_AIM OF THE TASK_.
Write out the listing exactly, dropping any picture it contains.

_GIVEN DATA_.
==========

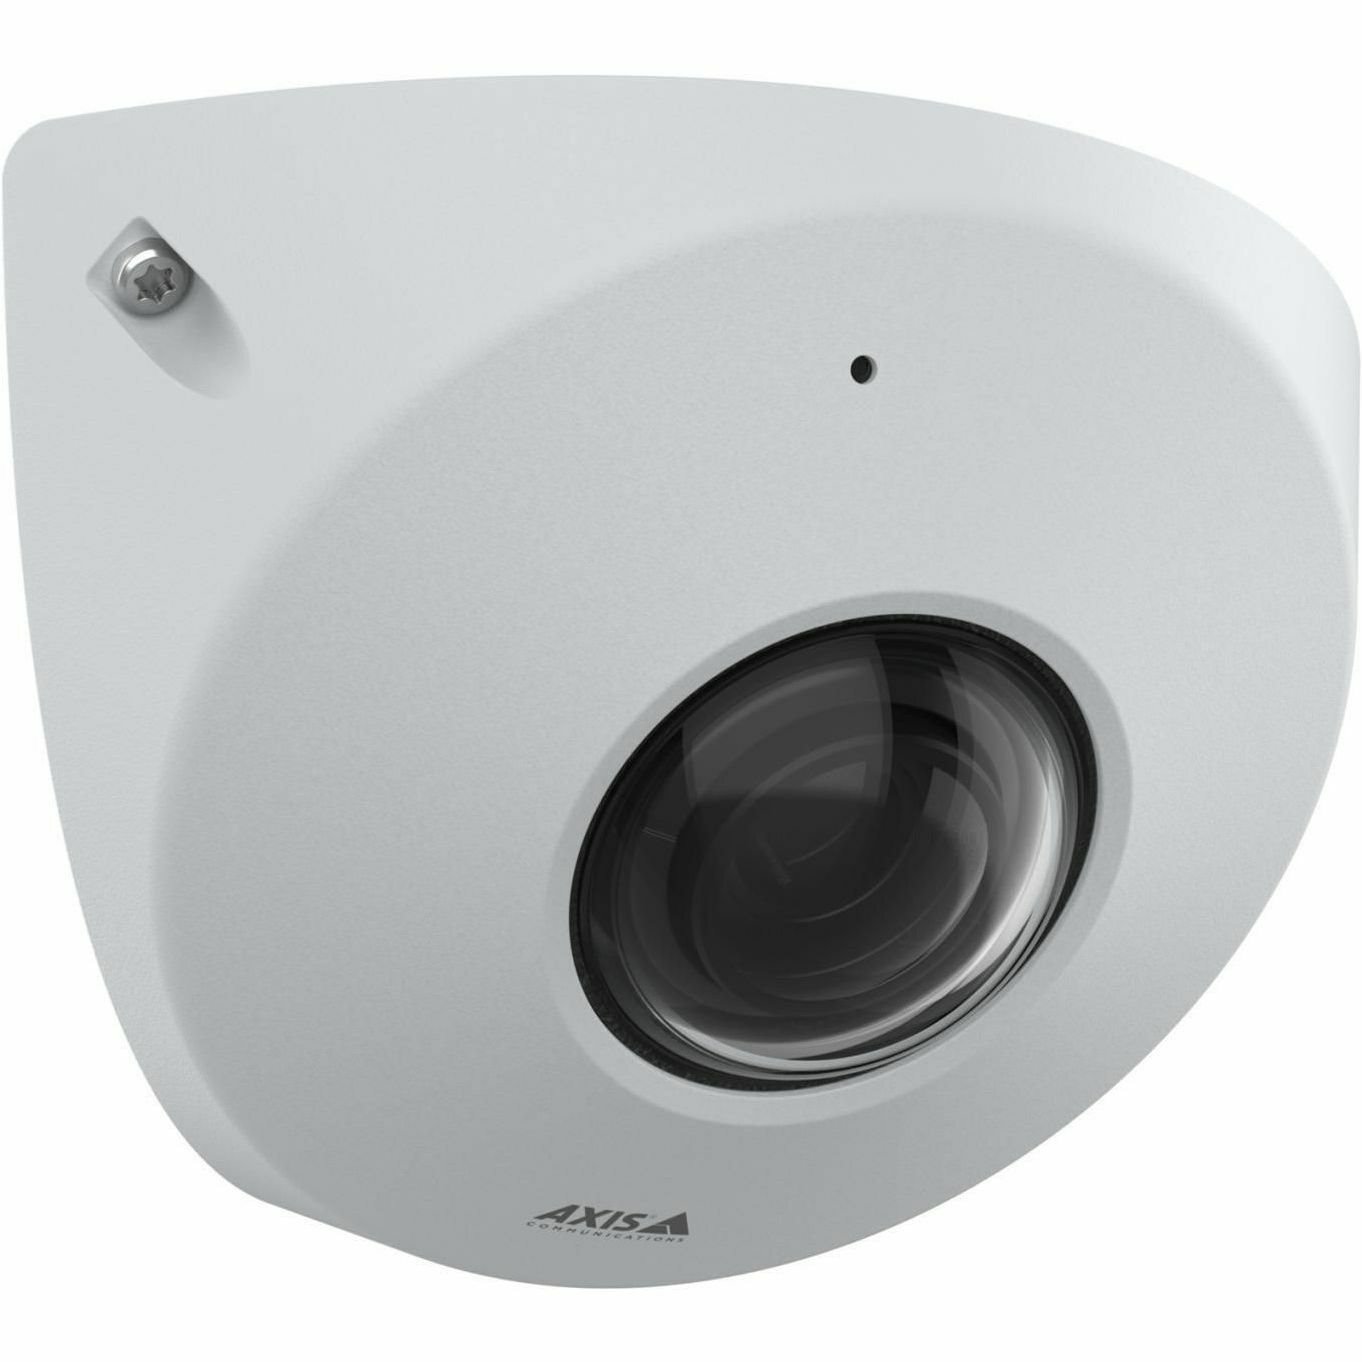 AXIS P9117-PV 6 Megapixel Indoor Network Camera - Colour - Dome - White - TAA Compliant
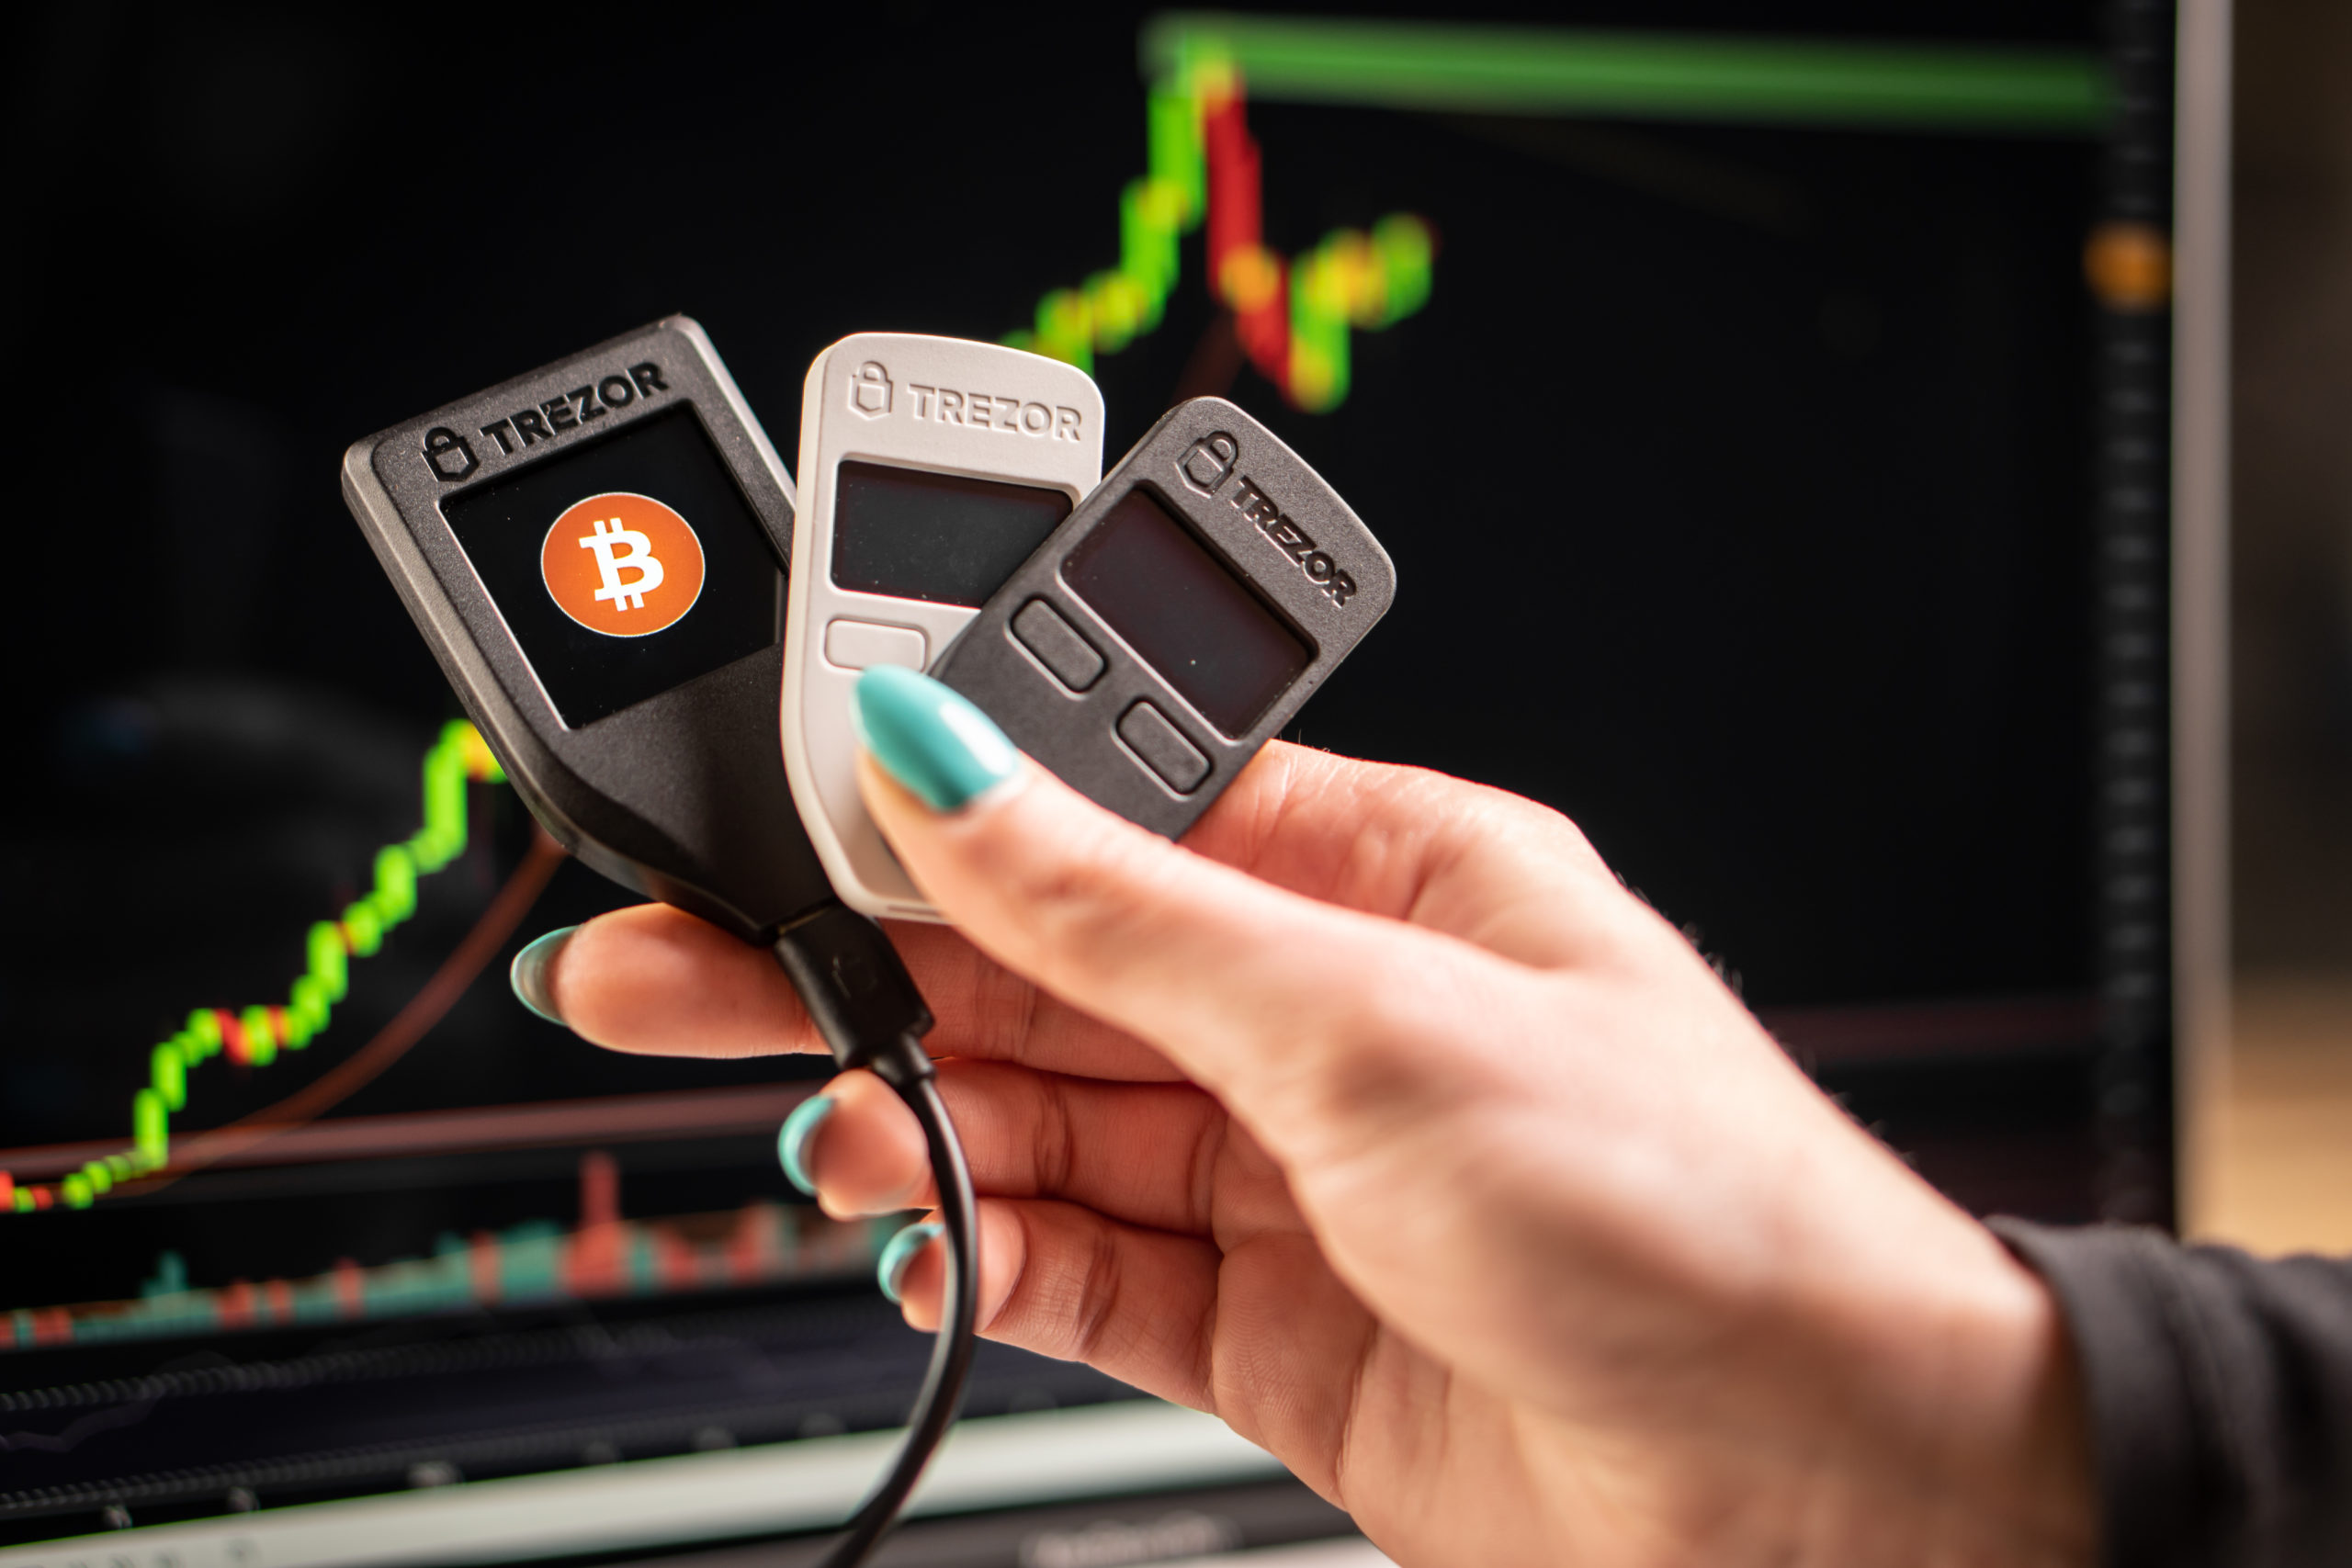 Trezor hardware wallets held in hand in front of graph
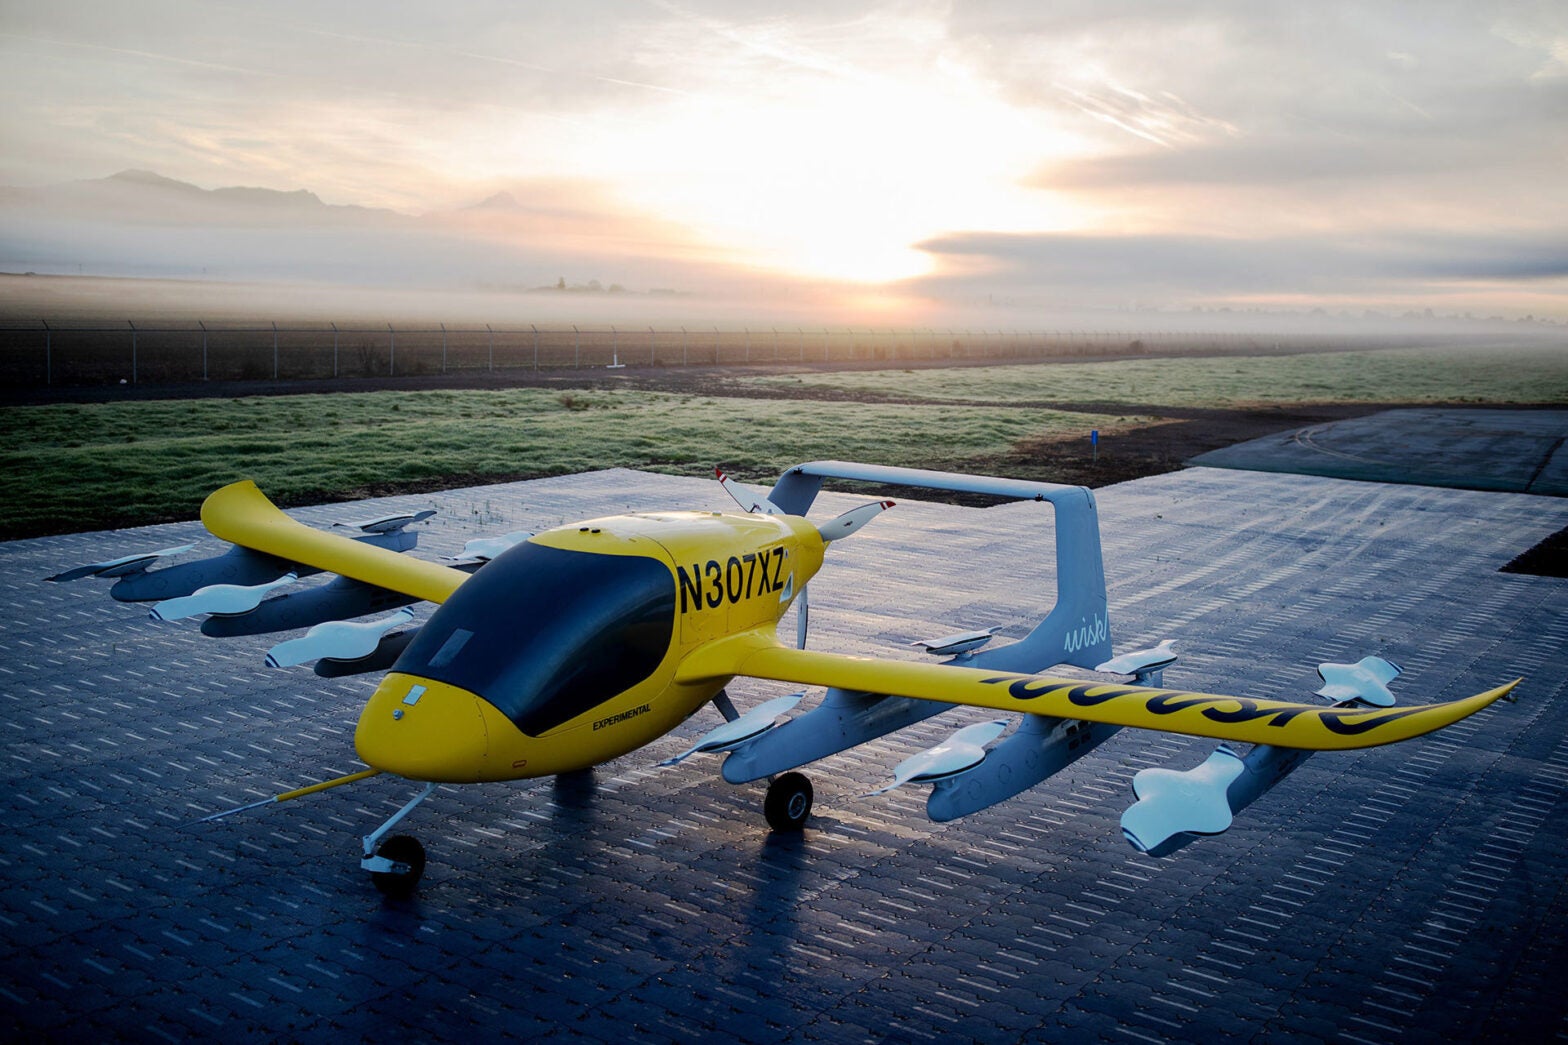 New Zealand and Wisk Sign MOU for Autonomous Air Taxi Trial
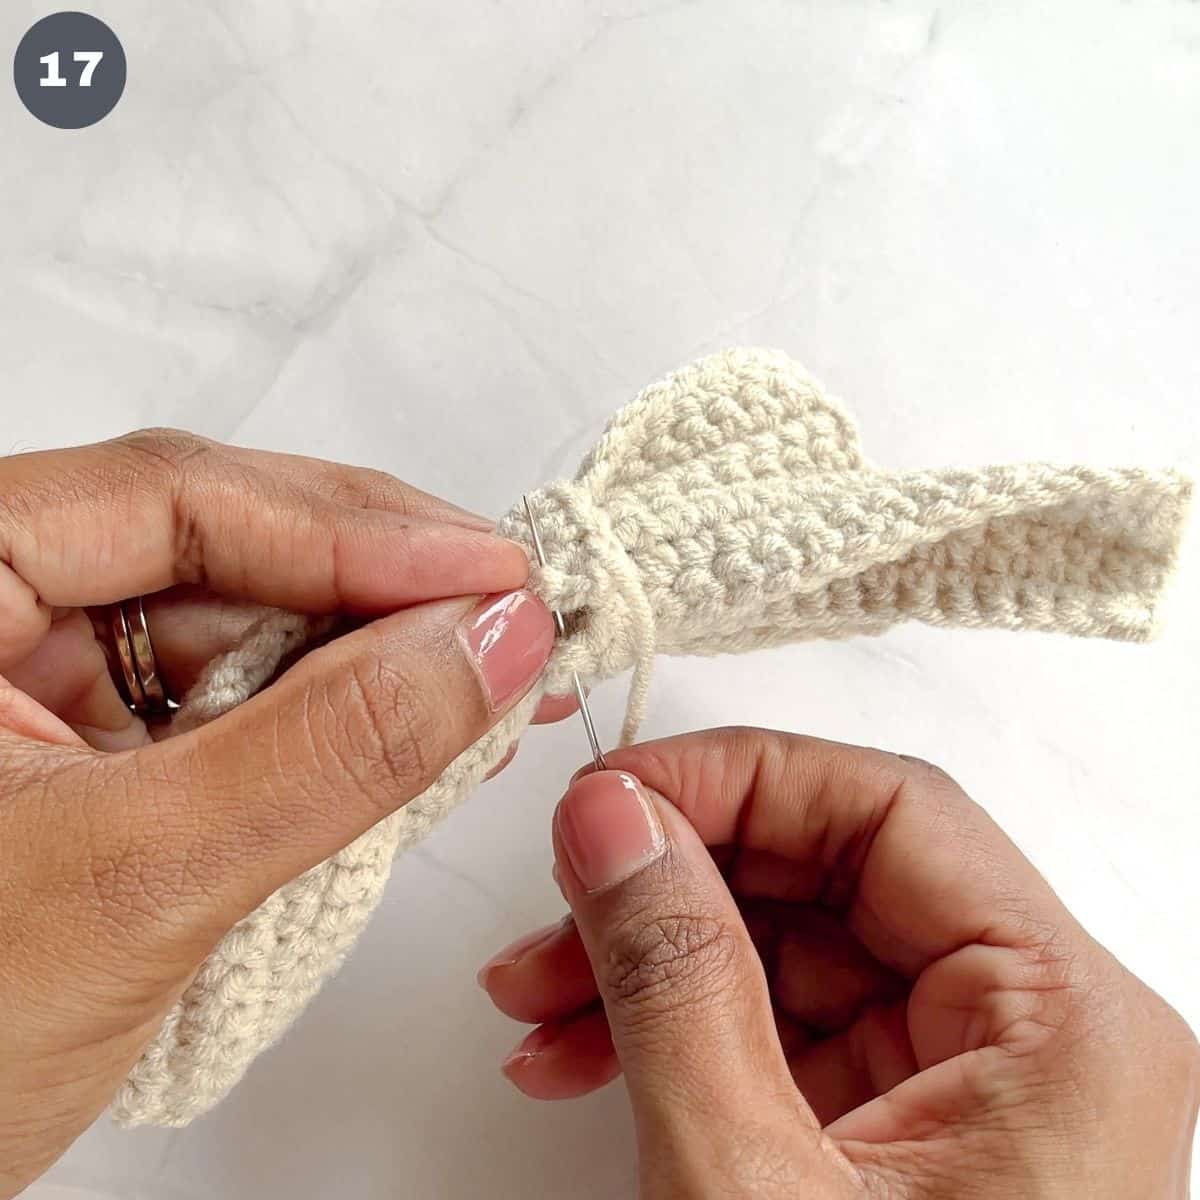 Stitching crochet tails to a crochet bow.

==========

_ANSWER SPACE_.
 AXIS P9117-PV 6 Megapixel Indoor Network Camera - Colour - Dome - White - TAA Compliant
 Trezor hardware wallets held in hand in front of graph
 New Zealand and Wisk Sign MOU for Autonomous Air Taxi Trial
 Stitching crochet tails to a crochet bow.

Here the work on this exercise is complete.